Хотя национализм, согласно завету Маркса, считается грехом всех грехов, со временем коммунизм избрал именно этот путь к власти - через национализм, усладу его услад, суть всех его сущностей. Проклятие и наслаждение первородного греха безграничны. Впрочем, мы уже вошли в период распада национальных моделей коммунизма (или марксизма-ленинизма), функционирующего в качестве монолитной, монопольной идеологии, основанной на национальной почве.

Это рассуждение подводит нас ко второму аспекту проблемы дальнейшей судьбы марксизма.

Кризис коммунистической идеологии, порождающий инновации в самой коммунистической системе, развивается неравномерно как в разных государствах, так и в различных областях национальной жизни.

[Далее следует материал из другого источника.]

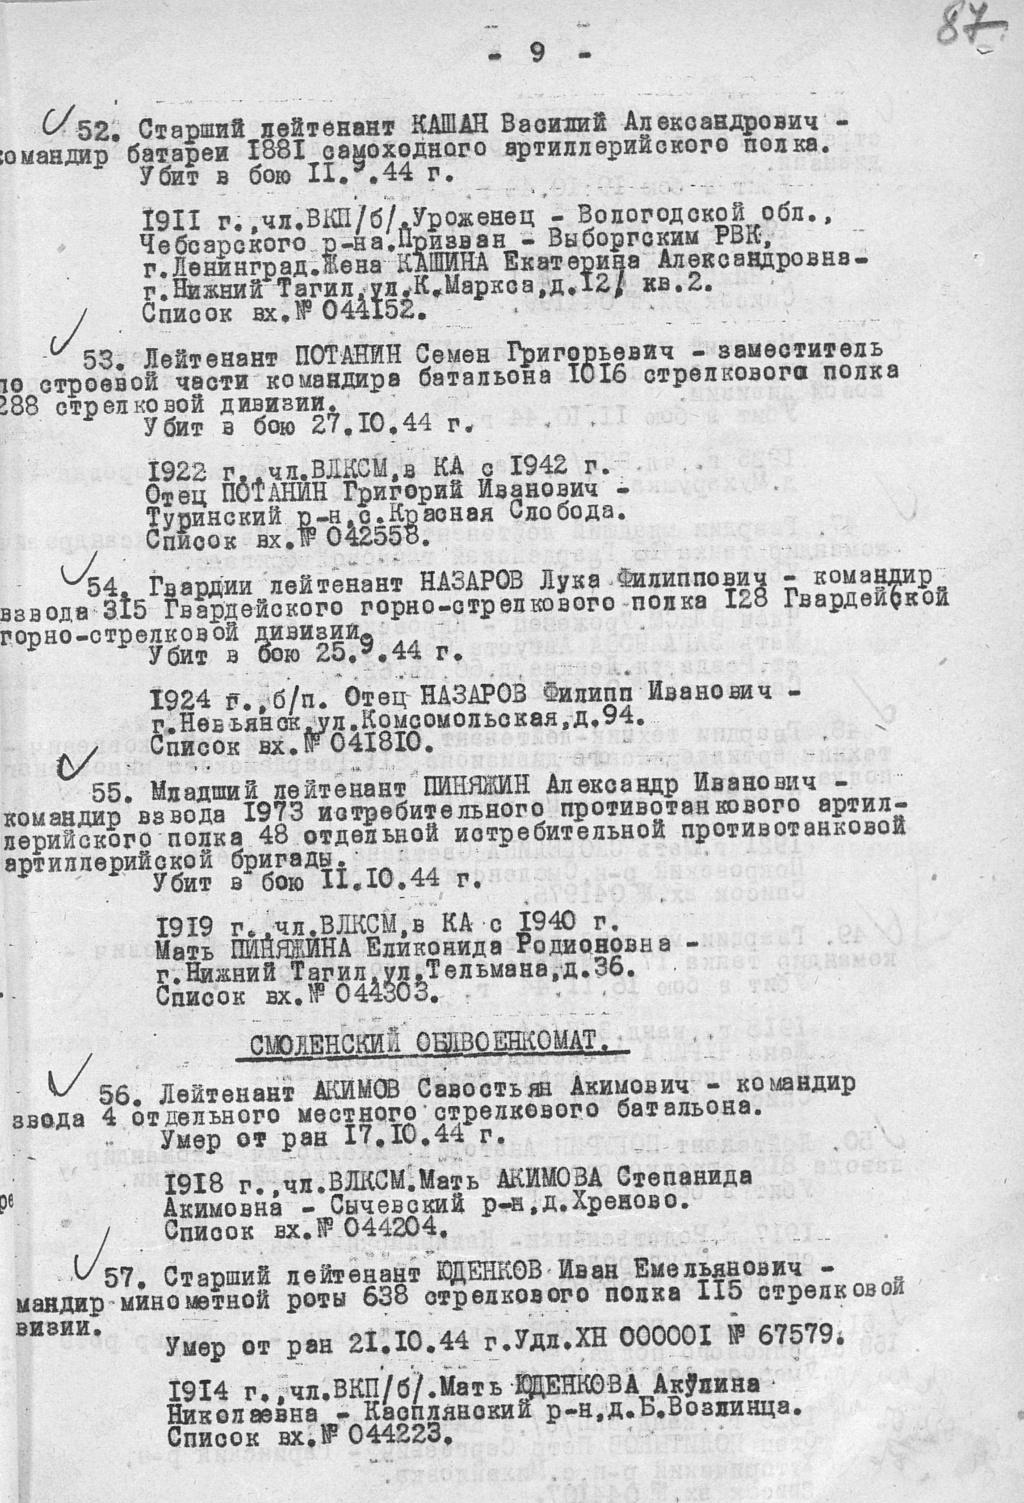 Захаренков (Захаренко) Федор Корнеевич, 08.03.1941 г., Белосток 00000118

Во всех коммунистических странах, кроме Китая, Кубы, Албании и в известной мере Советского Союза, практически отсутствует подчинение сферы искусства сиюминутным партийным нуждам или каноническим общественным догмам. В таких странах, как Чехословакия, Югославия, Польша, вопросы развития марксистской философии и социологии не являются больше прерогативой партийных форумов и профессиональных партийных идеологов, этими проблемами там с большей или меньшей степенью допустимой критичности и свободы занимаются философы и ученые.

Если приоритет в борьбе с современными идеологическими стереотипами ленинизма, сталинизма и иных модификаций марксистской догмы принадлежал прежде всего писателям и другим деятелям искусства, то сегодня к этому во многом спонтанно интуитивному протесту присоединяются планомерные, продуманные, творческие усилия философов, социологов и историков. На почве догматизма сталинистского типа в Восточной Европе выросли десятки и сотни неофициальных теоретиков марксизма, одни из которых, как, скажем, Д. Лукач в Венгрии, своим острым пером проложили путь к критическому анализу самого марксизма, другие же, как, например, Л. Колаковски в Польше, К. Косик в Чехословакии, Гайо Петрович и Михайло Маркович в Югославии, пришли уже к концепции "открытого марксизма", отрицающей марксизм как монопольную идеологию, предполагая существование наряду с ним иных равноправных теорий.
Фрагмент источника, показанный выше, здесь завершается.